Beyond Nash Equilibrium: Achieving Bayesian Perfect Equilibrium with Belief Update Fictitious Play
Qi Ju, Zhemei Fang, Yunfeng Luo
TL;DR
This paper introduces Belief Update Fictitious Play (BUFP), a belief-aware extension of FP designed to reach Bayesian Perfect Equilibrium ($BPE$) in extensive-form games with incomplete information. BUFP integrates belief updates inspired by Bayesian Action Decoder with generalized weakened fictitious play (GWFP) and employs adjustable iteration stepsizes to converge toward both Nash Equilibrium ($NE$) and $BPE$, demonstrating notable gains over CFR in dominated-strategy settings on 5-Leduc poker. The authors prove BUFP(EF) aligns with GWFP under Extensible Form Fictitious Play stepsizes and validate convergence through theoretical conditions and empirical experiments, including Kuhn and Leduc poker.
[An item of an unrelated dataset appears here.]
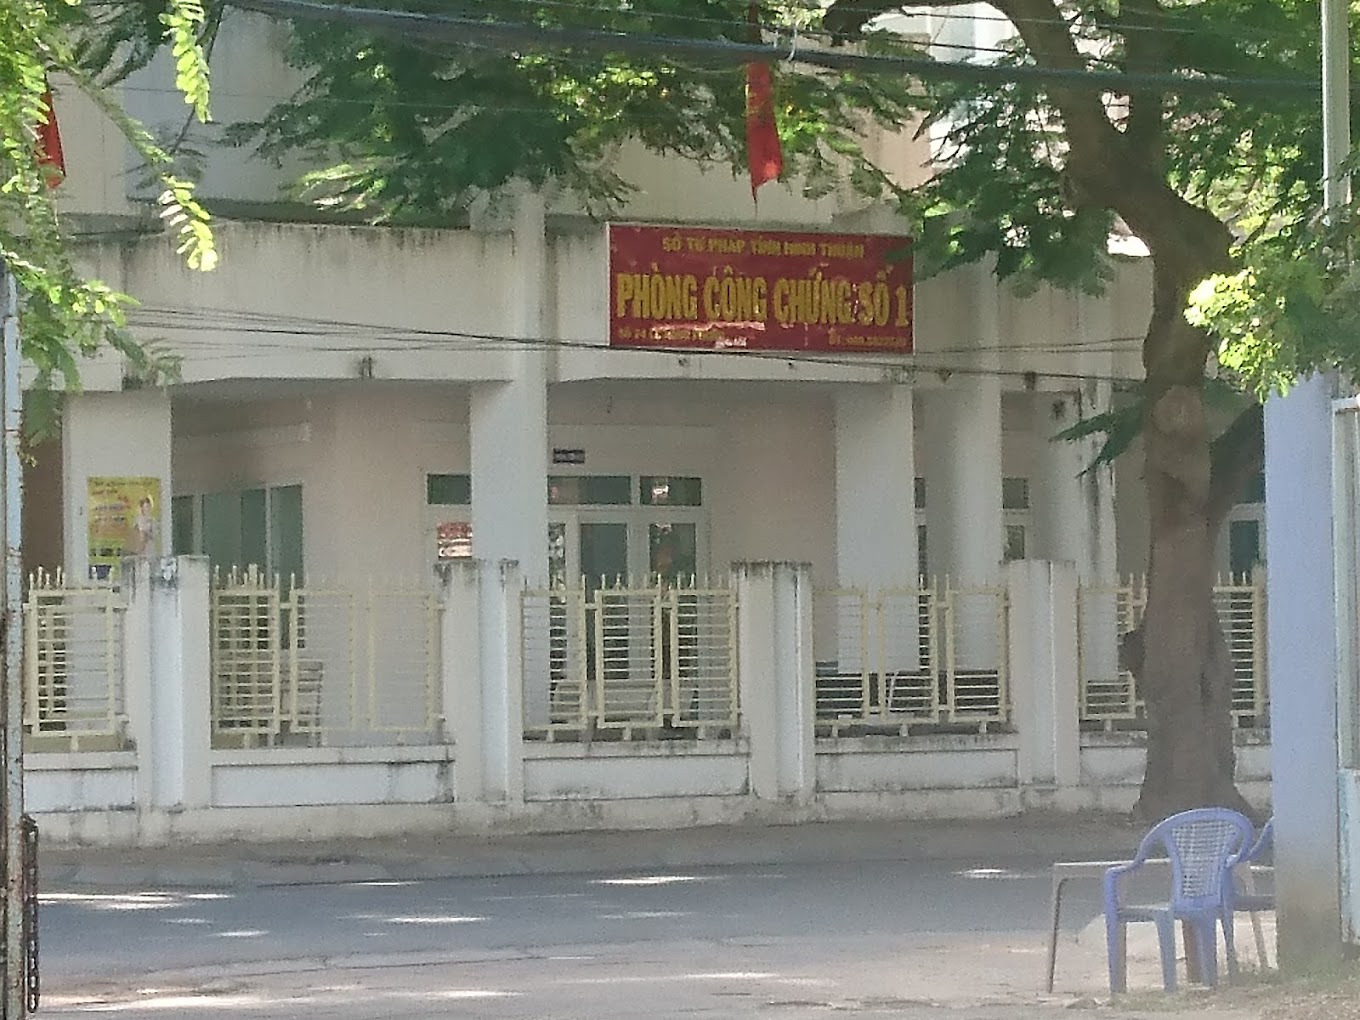 Liên hệ Phòng công chứng số 1 Ninh Thuận thông tin địa chỉ số điện thoại

They also provide a public-code release and discuss future work to broaden BUFP with additional FP variants and efficiency improvements, expanding its applicability to strategic decision-making under irrational or suboptimal opponent behavior.
Abstract
In the domain of machine learning and game theory, the quest for Nash Equilibrium (NE) in extensive-form games with incomplete information is challenging yet crucial for enhancing AI's decision-making support under varied scenarios. Traditional Counterfactual Regret Minimization (CFR) techniques excel in navigating towards NE, focusing on scenarios where opponents deploy optimal strategies. However, the essence of machine learning in strategic game play extends beyond reacting to optimal moves; it encompasses aiding human decision-making in all circumstances. This includes not only crafting responses to optimal strategies but also recovering from suboptimal decisions and capitalizing on opponents' errors. Herein lies the significance of transitioning from NE to Bayesian Perfect Equilibrium (BPE), which accounts for every possible condition, including the irrationality of opponents. To bridge this gap, we propose Belief Update Fictitious Play (BUFP), which innovatively blends fictitious play with belief to target BPE, a more comprehensive equilibrium concept than NE. Specifically, through adjusting iteration stepsizes, BUFP allows for strategic convergence to both NE and BPE. For instance, in our experiments, BUFP(EF) leverages the stepsize of Extensive Form Fictitious Play (EFFP) to achieve BPE, outperforming traditional CFR by securing a 48.53\% increase in benefits in scenarios characterized by dominated strategies.